When Cutter saw Drogon, the whispersmith was in a state of constant amazement. He relished the hunt even in these badlands, and everywhere they went he watched so closely, tracking their passage through splits and rockways, watching the movement of the cacotopic zone. He was committing it to memory, trying to understand it. That was one way. Cutter preferred another: wanted this time to be done, wanted only to have it end.

He went with crews scavenging for wood and ground-coal, peat, anything for the boilers. He went with his companions, searching for water.

The diviner emerged from the water-tank car given over to the vodyanoi. His name was Shuechen. He was sour and taciturn as stereotype said vodyanoi always were. Cutter liked that. His own brusqueness, cynicism and temper predisposed him to atrabilious vodyanoi.

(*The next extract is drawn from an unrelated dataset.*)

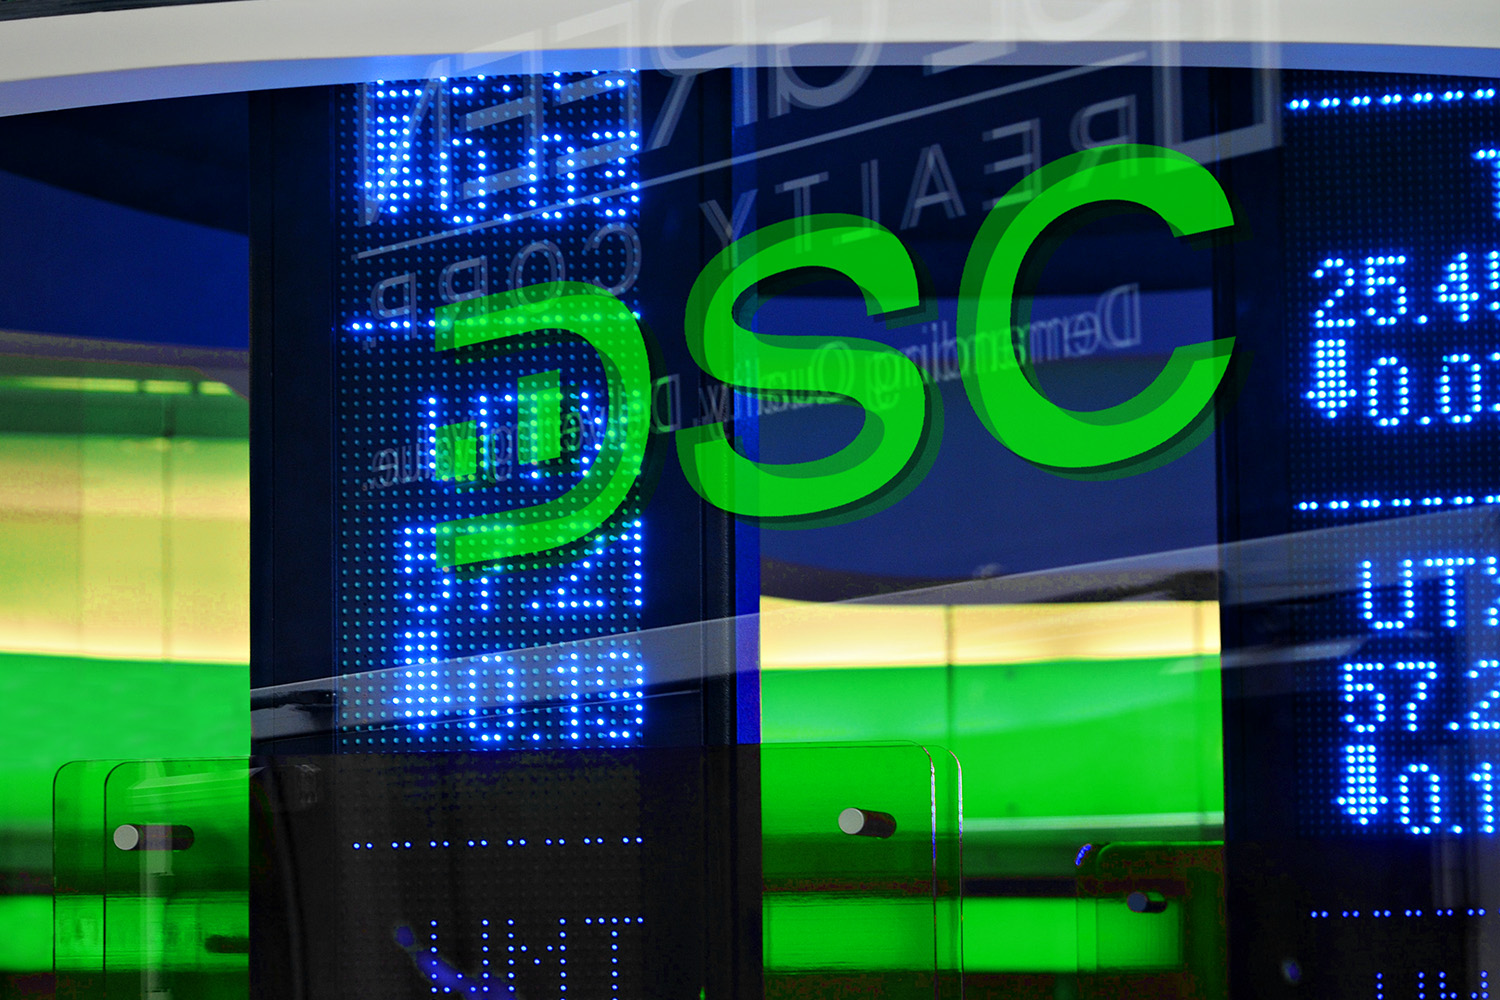 DSC Indoor signage reflecting on digital board

As they rode, Shuechen swinging in his water-filled saddlesac, the dowser told them about the debates, the factions among the Councillors, the argument over the Council’s new direction. Ex-Runagaters, cynics, the young, the fearful old. There was uncertainty growing as to whether this was the best strategy, he said.

Shuech would put his big palms flat and sniff the earth, slapping it and listening to its echoes. He led them three hours from the train. Clean water came out of the rocks and gathered in a basin surrounded by roots so minimally touched by Torque that Cutter could imagine he was back in Rudewood. When he did, loss broke him a long moment.

They filled their water-sacks but then it was night, fast as a rag thrown over the sun, and quickly they made camp. They did not light a fire. “Not near the zone,” Shuech said.

Gripped together against a punitive rocky cold, the two Remade made Cutter’s party tell them about New Crobuzon. “Rudgutter’s dead? Can’t say it’s a shock. That bastard was Mayor forever. And now it’s Stem-Fulcher? Gods help us.”

They were stunned by the changes. “The militia patrol openly? In uniform? What in hell happened?” Pomeroy gave a brief history of the Construct War, the attack on the dumps, the rumours of what was within. It did not sound real, even to Cutter, who remembered it.